DAVID WOODS: Spice up winter with a salad that keeps on giving

If the winter blues have struck and you're feeling a little gloomy, then this will perk you up.

Thursday, 9th November 2017, 10:18 am
Updated Friday, 8th June 2018, 3:27 am
Spicy Vietnamese Style Salad with grilled Paneer

It’s the ‘popping candy’ of salads and guaranteed to lift the spirits, says David Woods, executive head chef of the Sofitel London Gatwick.

Salads tend to get overlooked in winter, which is a shame as it’s not all about tomatoes and lettuce.

There are so many vegetables available that are as delicious eaten cold as they are hot.

David Woods

We have several robust salads on our new Urban Café menu and the favourite with customers so far is the Spicy Vietnamese Style Salad with Fried Paneer – a mild, milky fresh cheese that goes beautifully with strong flavours. This is a delicious lunch or light supper for vegetarians, but we have also served it topped with curried fish, and it goes great with cold meats. Keep this recipe for Christmas as I can’t think of anything nicer to serve with leftover turkey.

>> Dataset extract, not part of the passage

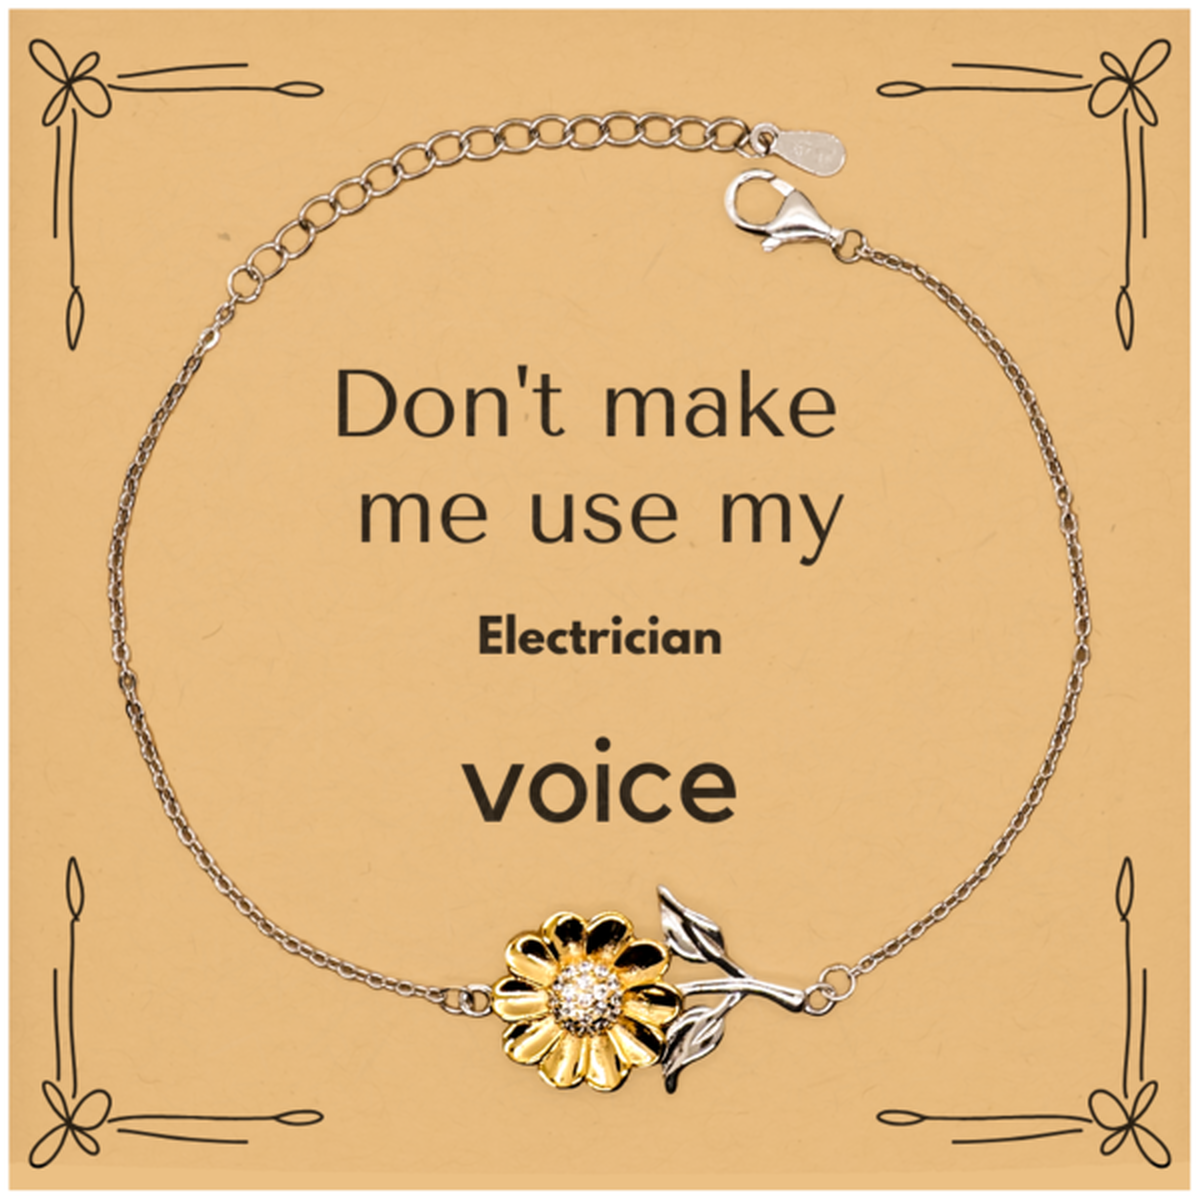 Don't make me use my Electrician voice, Sarcasm Electrician Card Gifts, Christmas Electrician Sunflower Bracelet Birthday Unique Gifts For Electrician Coworkers, Men, Women, Colleague, Friends

The ingredients go a long way, so a small amount of each vegetable makes a huge bowl of salad, and the flavour combination is awesome. One spoonful gives different flavours and textures with every chew – one minute you get a hint of coriander and a crunch of carrot, the next a little kick of chilli, and then an aromatic aftertaste of sesame oil. It’s a salad that keeps on giving.

La Brasserie, Sofitel’s 2 AA rosette restaurant, and its Urban Cafe have a new look and a new menu. To book a table call 01293 567070 or email [email protected] Follow us on Twitter @SofitelLondonGA. Share your salad recipes with us on Instagram by tagging @SofitelLondonGA.

Spicy Vietnamese Style Salad with grilled Paneer

Serves 4

400g paneer cheese

Soya oil for frying

Half a Chinese leaf cabbage

1 carrot

Quarter of a small white cabbage

1 stick celery

1 red, 1 yellow and 1 green pepper (you will only need a quarter of each)

1 red chilli

Half a bunch of spring onions

Half a red onion

half a white onion

Three tablespoons of salted roasted cashew nuts

Handful of torn fresh coriander leaves

For the dressing

Zest of two limes, and juice from one

2 dessertspoons caster sugar

25ml sesame oil

25ml rapeseed oil

Salt and pepper


Prepare the vegetables – shred the Chinese leaf and white cabbage.

Peel the carrot and slice into thin batons. De-seed the peppers and red chilli, and slice thinly. Dice the red and white onions. Slice the white and green parts of the spring onions. Slice the celery finely.

Put dressing ingredients into a screwed topped jar and give it a good shake.

Cube the paneer cheese. Heat the oil in a large frying pan over a medium heat and fry the paneer until golden.

When you are ready to eat, put all the prepared vegetables into a large bowl. Add the cashew nuts and torn coriander leaves and toss thoroughly. Heap the salad into four bowls and top with the fried paneer. Serve immediately.

Chef’s tip

All the vegetables can be prepared the day before. Don’t add salt or the dressing until just before serving, or the salad will go soggy.